Opinion: Freeland will face misogyny in carrying out her new roles

Opinion: Freeland will face misogyny in carrying out her new roles

Chrystia Freeland’s influence in the new Liberal minority government has been upgraded significantly with Justin Trudeau’s recent cabinet announcements.

She now serves in dual roles as deputy prime minister and minister of intergovernmental affairs. Freeland will also play key leadership roles on the “agenda, results and communications” and the “economy and the environment” cabinet committees.

In addition to her new formal mandates, however, Freeland will likely have to face another ongoing problem in Canadian politics: growing resentment and anger directed at women politicians.

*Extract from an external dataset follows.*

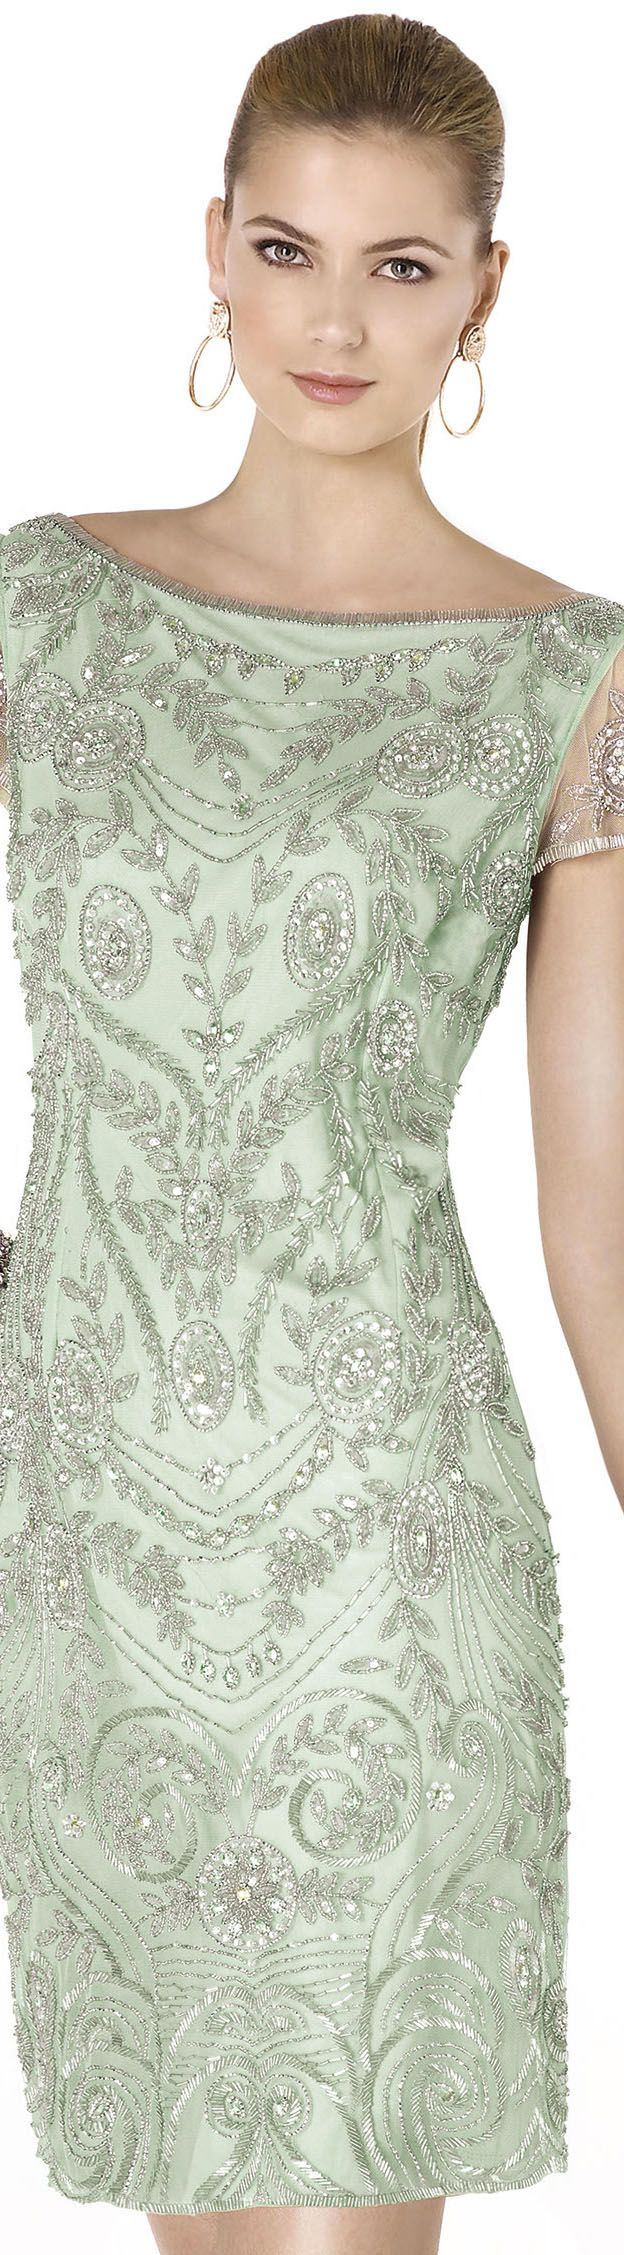 Pronovias 2015 Cocktail Dress Collection  jaglady

As deputy prime minister, Freeland is now second in command. Whether her position will be ceremonial or substantive remains to be seen. Deputy prime minister duties are determined entirely by individual prime ministers.

Since the position was created in 1977, the importance of this role has varied. Under some prime ministers, the role was substantive, under others, it was symbolic, and under still others, it was completely absent.

Two other women, Liberals Sheila Copps and Anne McLellan, have held the position. Of the nine preceding deputy prime ministers, only one, Jean Chretien, has gone on to become party leader.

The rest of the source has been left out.